Feature which presents terms as a column and

Feature extraction is one of the crucial steps towards text categorization. There are many algorithms and methodologies used for extracting and giving weight to each feature/term. In this part of the thesis, we will discuss the detailed working of the algorithms which will be used for extracting features. Mainly we used Bag of Words, Term Frequency inverse document frequency (tf-idf) approaches for selecting the features/terms. For instance, table 7 presents a corpus which contains two documents. For the exemplary part, we will describe how algorithms mentioned above work by using this corpus.  
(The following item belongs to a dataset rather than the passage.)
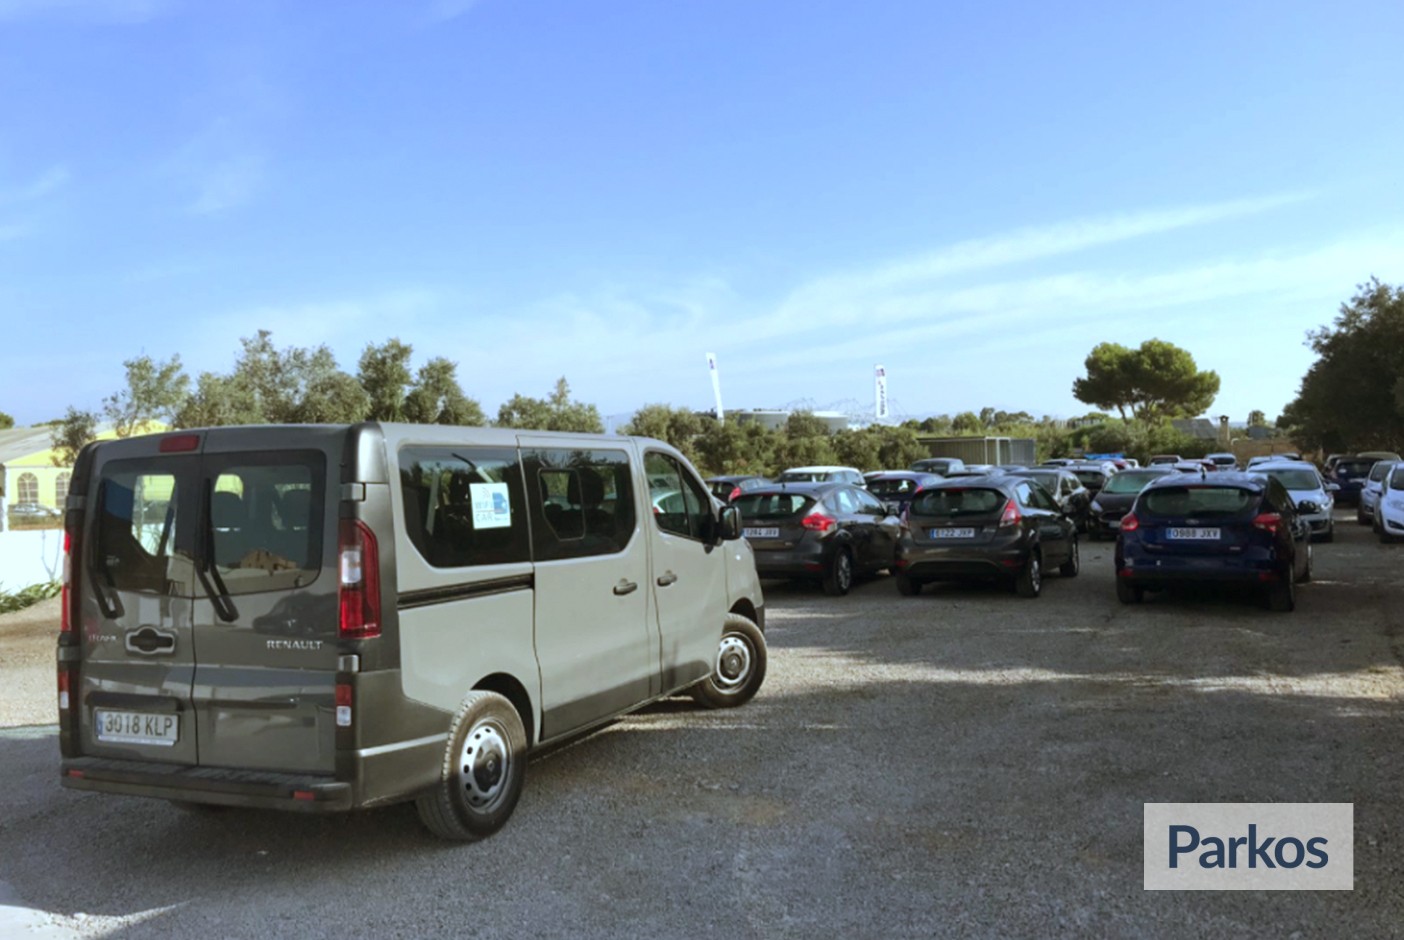 Wifi Park Mallorca (Paga online) - Parking Aeropuerto Palma de Mallorca - picture 1

Table 7: Sample Corpus which contains two documents

We Will Write a Custom Essay Specifically
For You For Only $13.90/page!


order now

Document 1: BMW is working on Automotive industry
Document 2: Bosch is working on Electronics industry

 

 

 

 

1.1.1. Bag of words

Bag of words also called term frequency count is the most straight forward algorithm for vectorization. In Bag of words approach, words in the corpus are split into tokens then algorithm loops over each document in the corpus and gets the frequency count of each word. Finally, the algorithm builds the matrix from those frequencies. There are two different types of matrix used for counting the frequency of each term. One is known as a term-document matrix in which terms appear as rows and documents as a column, and the other one is known as document term matrix1 which presents terms as a column and documents as a row. In this thesis, we used document term matrix for inspecting and manipulating the terms.

Example:

Table 8 shows the term frequency matrix for the corpus given in table 7. Table 8 contains word count of two document where the first column contains the document number, and all other column contains the frequency of each term appears in the corresponding document. In this table, ‘1’ represents the single time occurrence of the term in the document and ‘0’ represent the absence of term. The frequency count could be higher if the term occurs more than once. We built table 8 after pre-processing stages, i.e. stop words removal and stemming text during text pre-processing stages.

Table 8: Sample bag of words vector by using Document term matrix

Docs

bmw

bosch

work

automotive

electronic

industry

Doc1

1

0

1

1

0

1

Doc2

0

1

1

0

1

1

 

If we check table 8, we will understand that document ‘1’ consists of terms like; ‘bmw’, ‘work’, ‘automotive’, ‘industry’ and document 2 consist words like; ‘bosch’, ‘work’, ‘electronic’, ‘industry’. Bag of words algorithm takes this preprocessed data as an input which tokenizes documents into words, and these words will be used as an attribute for classification algorithms. Finally, term and document matrix will be computed by iterating over every document and counting the frequencies accordingly. A sample preview of the training documents significant terms with their document frequencies is shown in the figure 19.

Figure 19: Screenshot of the top 20 terms with their frequencies

The term ‘energi’ has a document frequency of 724, because it occurs 724 times in multiple documents. There is a total of 24,000 terms obtained after building bag of words approach. After the collection of the most significant terms along with their document frequencies, the next task is the dimensionality reduction, which is the most tedious task of text categorization.